На молчание наше воткнет под потолок палец и скажет веско:
– Вы и счас их по фамилиям да по должностям не упомните, а годы пройдут? Разве что в каком-нибудь архиве или в музее на пыльной полке имя их еще и сохранится. А твое имя, – тычет пальцем в мою грудь, – или может даже и мое, любой учитель, любой школьник знать будут.
– Скажешь тоже.
– И скажу! – взвивался Мишка. – А вы слушайте и наперед думайте За чё, спросите, такая честь, а? А за то, скажу я вам, братцы мои, что слово твое временем не стирается, оно, раз тобою заточенное, стрелой вперед полетит и никто его любой властью не остановит и со страниц не сотрет.

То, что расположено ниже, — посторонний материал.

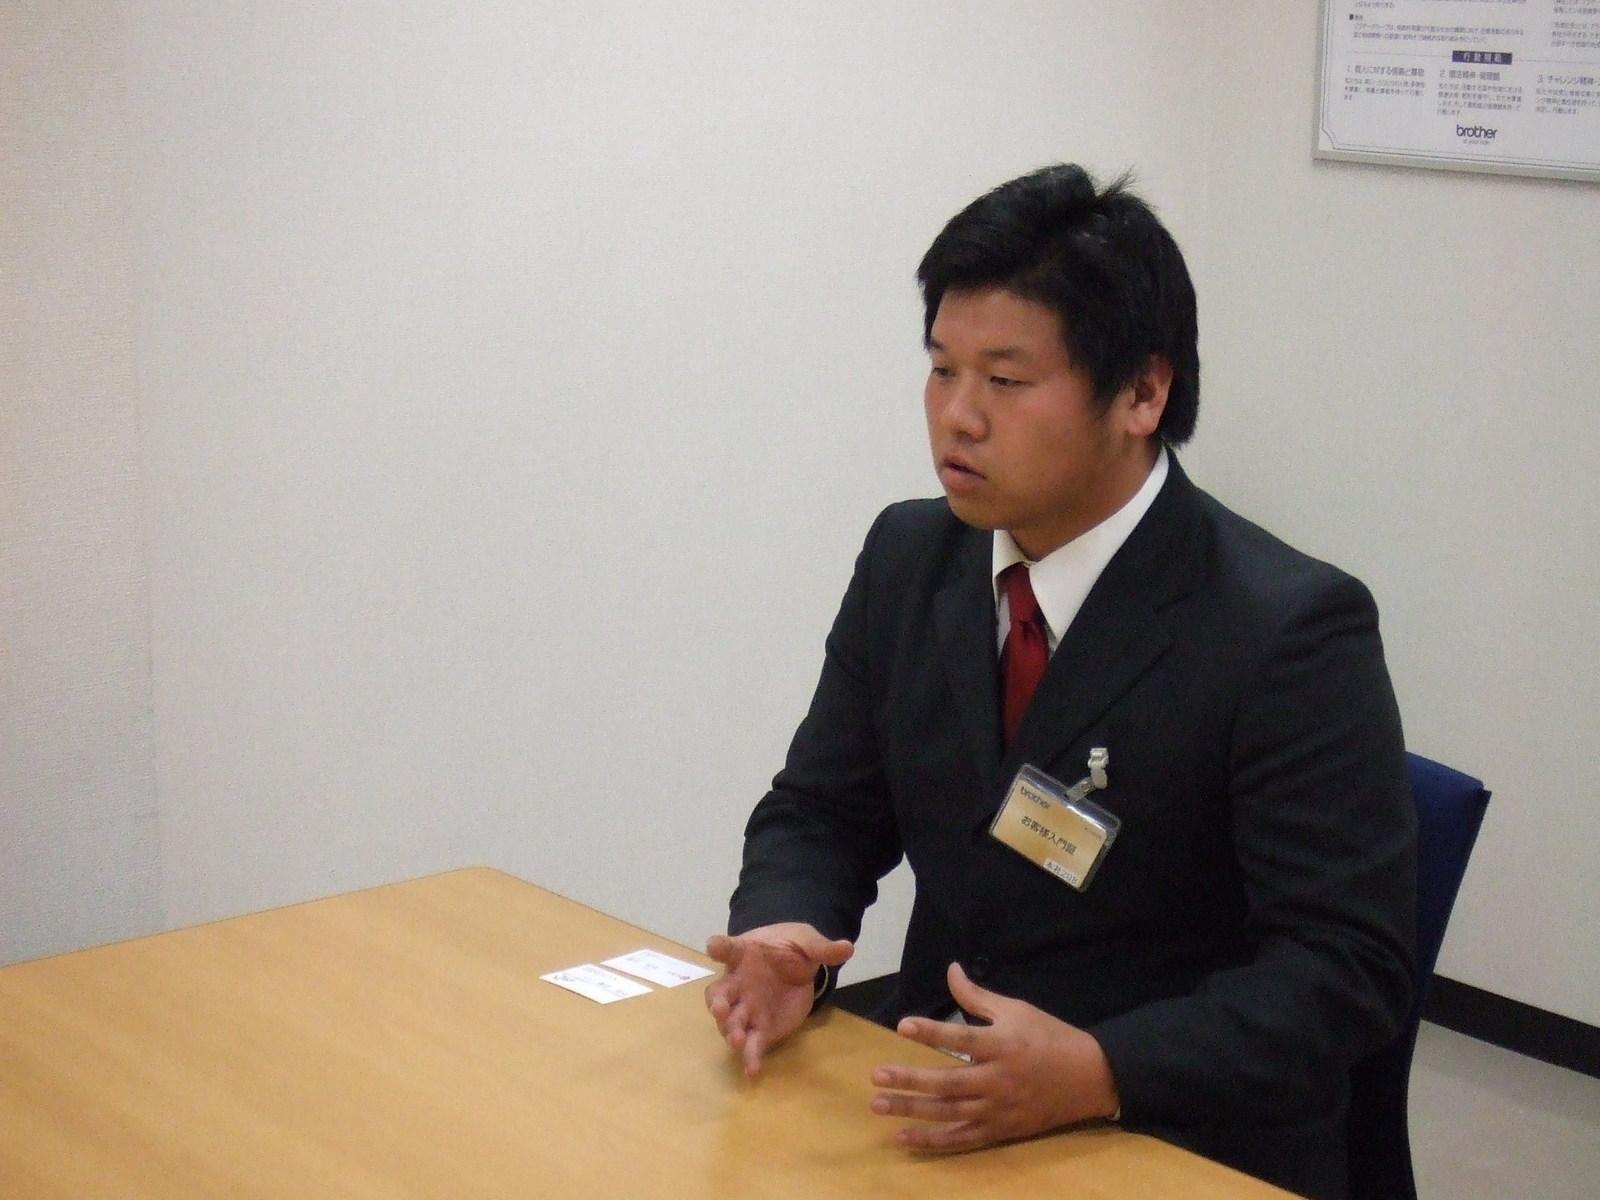 三州鈴木さんが、小出宗昭さんに経営相談!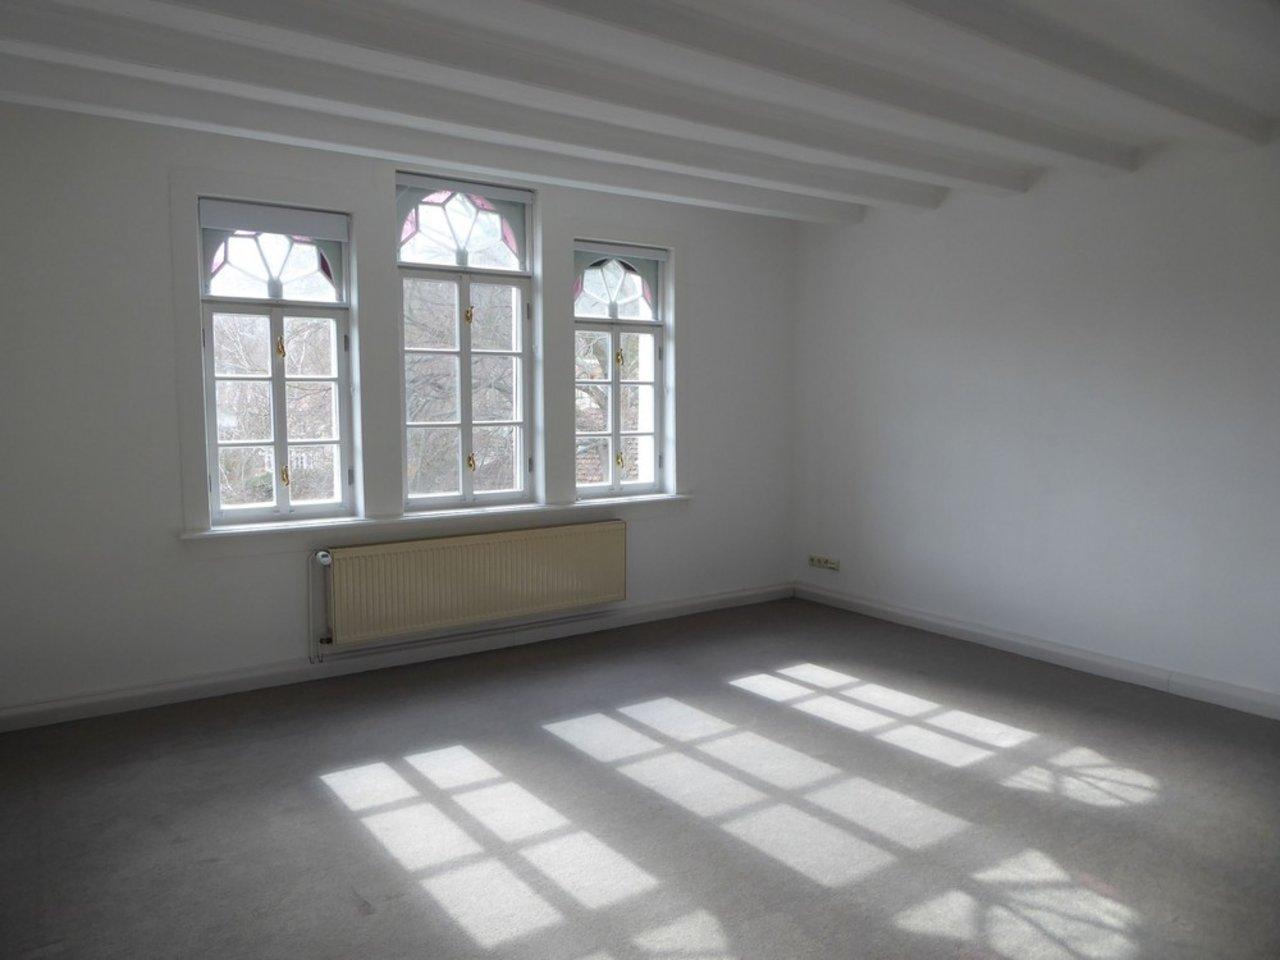 Reizvolle, großzügige DG-Wohnung mit viel Raum und individueller Gestaltung-Wohnzimmer

– Скажи еще, что и нас переживет, – усмехаюсь таким фантазиям я.
– Еще как переживет, – стучит кулаком в грудь Мишка, – каменными буквами на памятниках сиять будет! В песнях звучать и в сердцах стучать.
– За какие такие грехи?
– А хоть бы за такие, что мы с вами тута, у Магнит-горы, город будущего зачинали и след какой-никакой кайлом на откосах выбили…
Такие вот разговоры шли промеж нас.
При наших встречах, да при вине.
А и не они ли виноваты?
Ну, нет, конечно же нет!
Разговоры и не могут быть виноватыми.
А вот те, кто их говорил…
5
Казалось бы, издеваться надо мною больше некуда, все самые садистские методы на мне отработали. Я не ждал от них улучшения своего положения. Но так же не ждал, что может быть еще хуже, еще больнее Но они нашли способ и еще раз наказали.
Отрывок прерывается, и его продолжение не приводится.